> **The problem**
After removing every image, reproduce the data exactly as it appears.

> **Provided material**
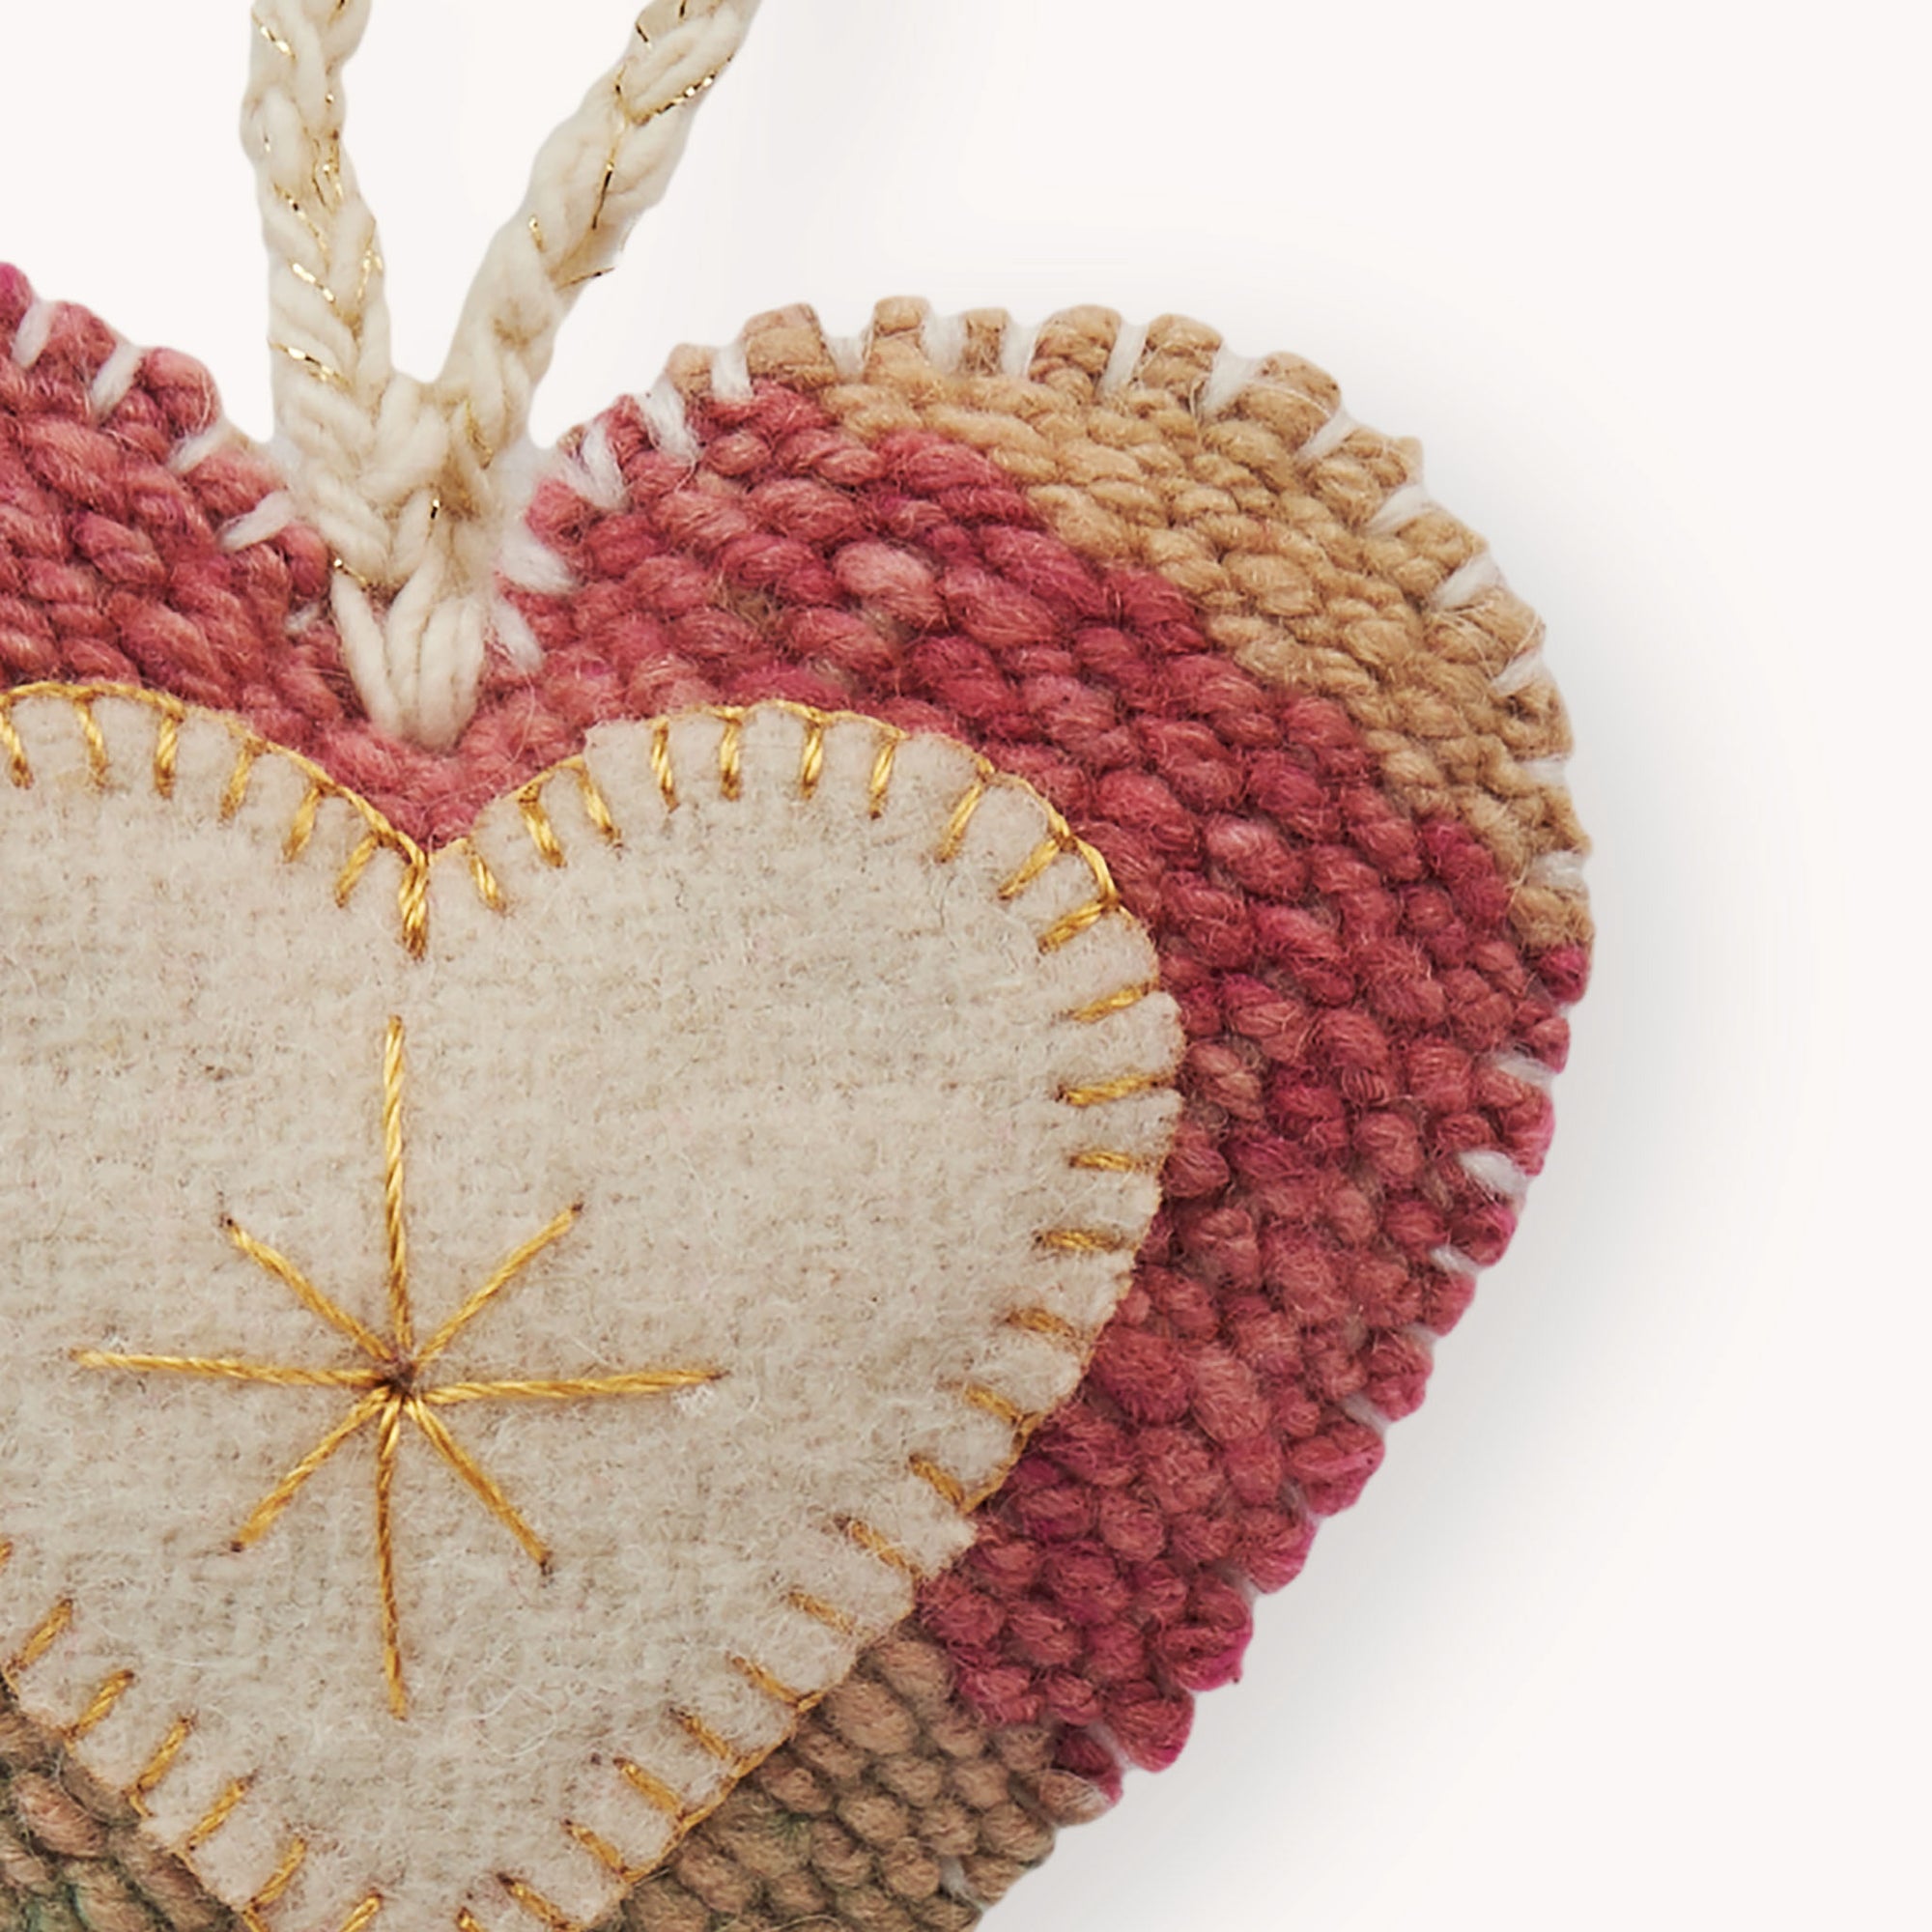 Vintage Heart Hand Embroidered Ornament
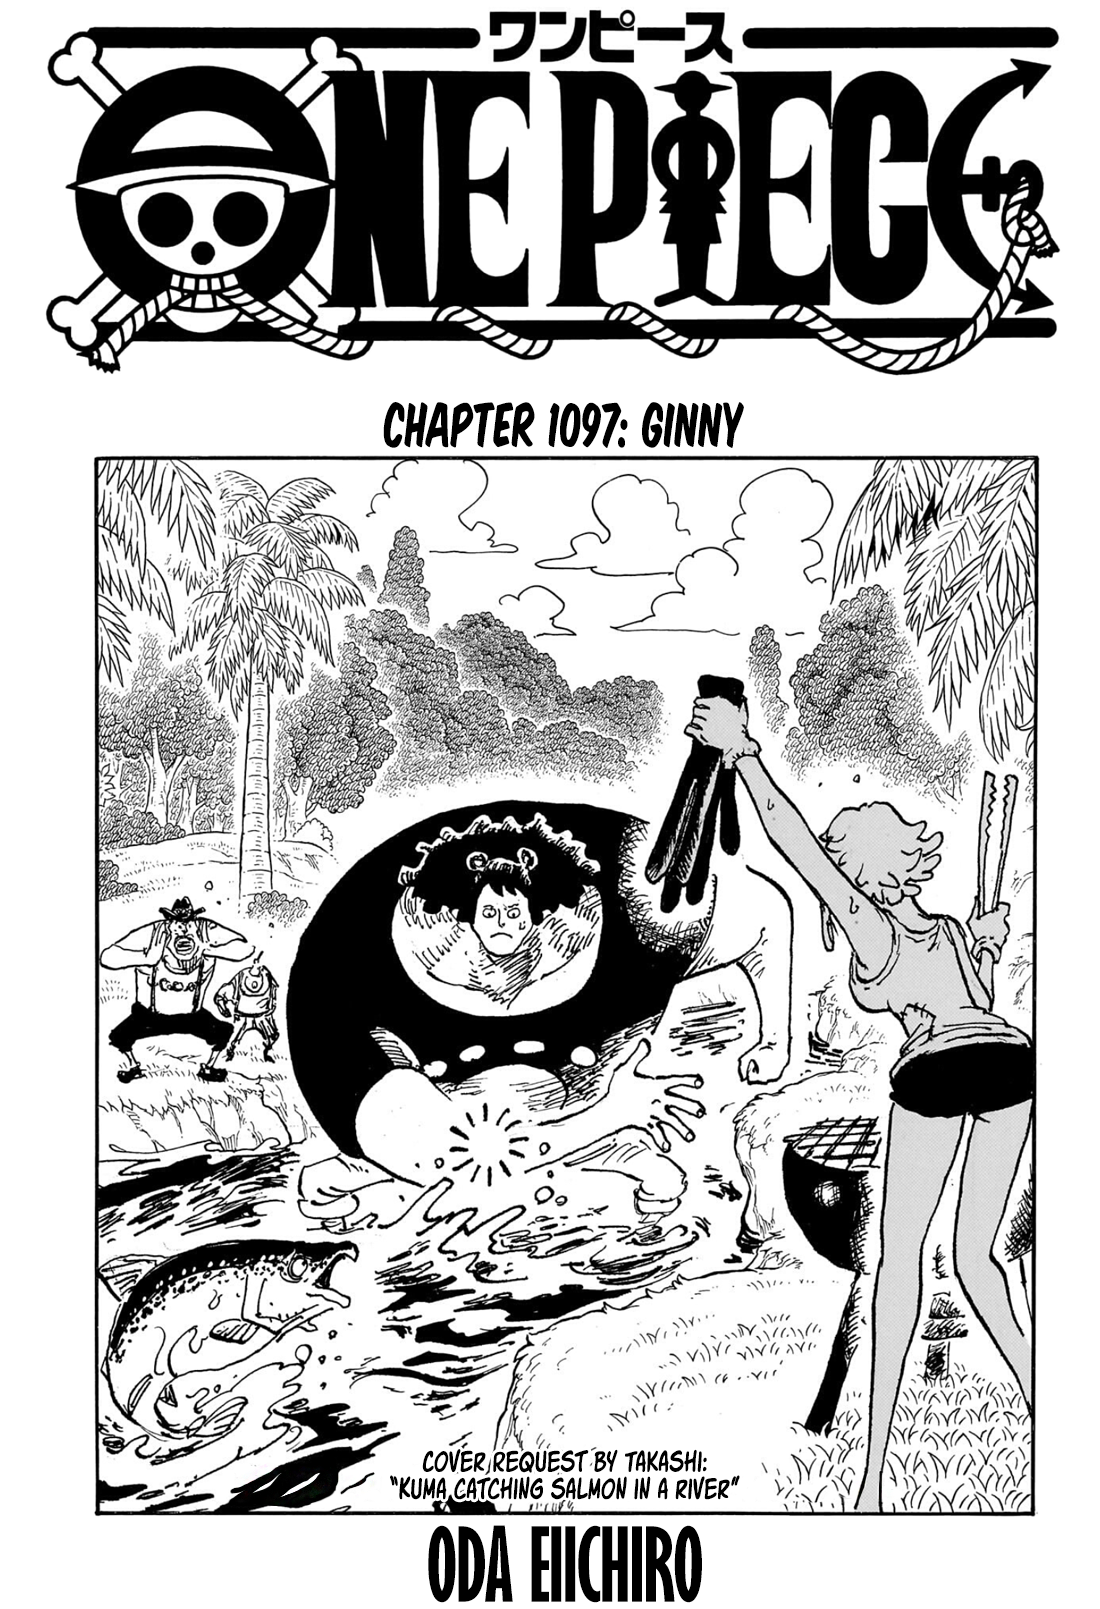 New One Piece Manga Chapter 1021 (full scans) - sS YOU THINK THAT
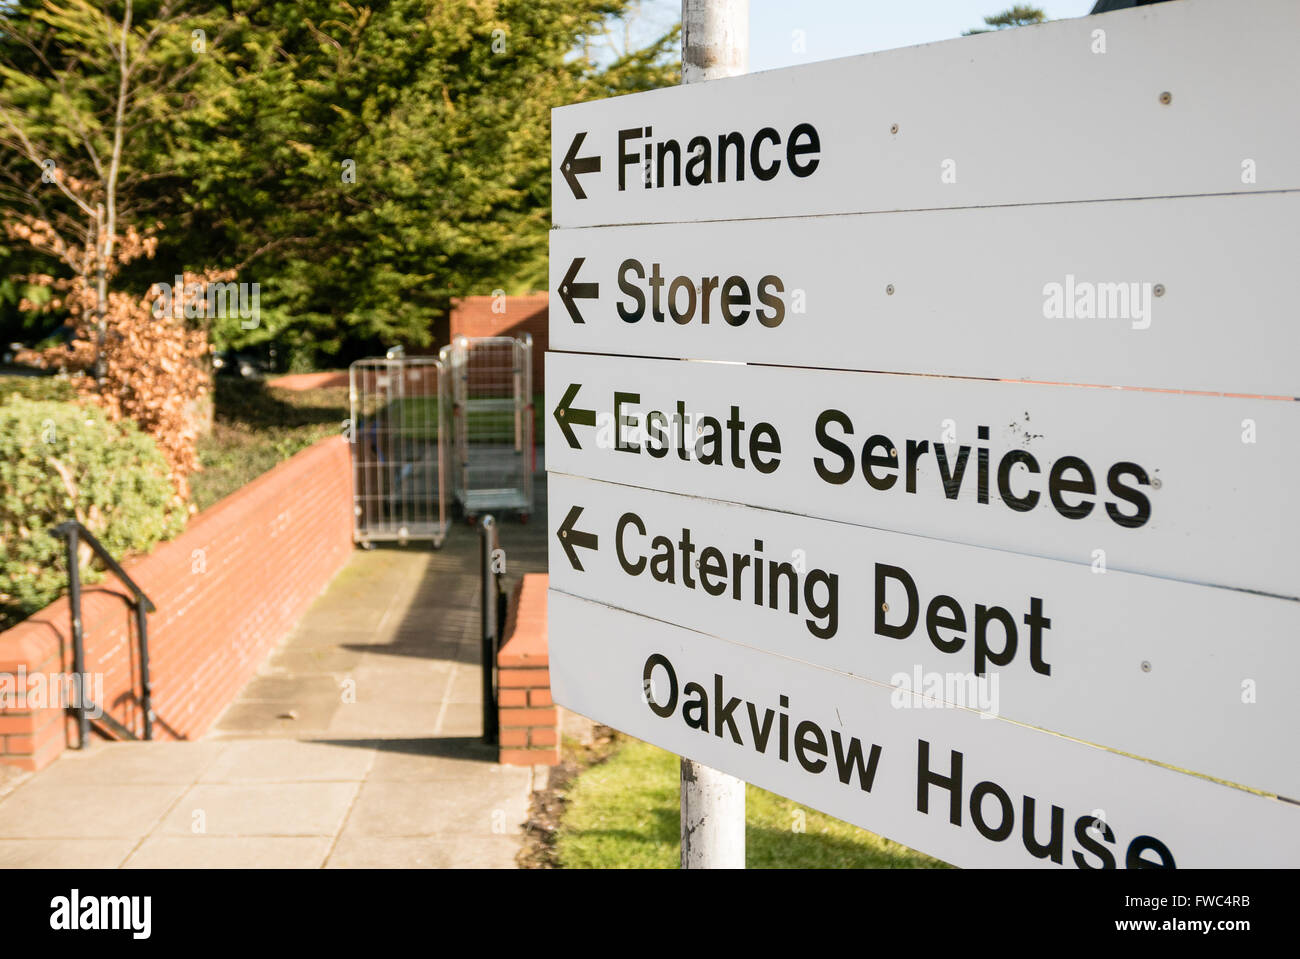 Sign at a hospital giving directions to various administration and service units Finance, Stores, Estate Services, Catering Depa Stock Photo

> **Your response**
 Vintage Heart Hand Embroidered Ornament
 New One Piece Manga Chapter 1021 (full scans) - sS YOU THINK THAT
 Sign at a hospital giving directions to various administration and service units Finance, Stores, Estate Services, Catering Depa Stock Photo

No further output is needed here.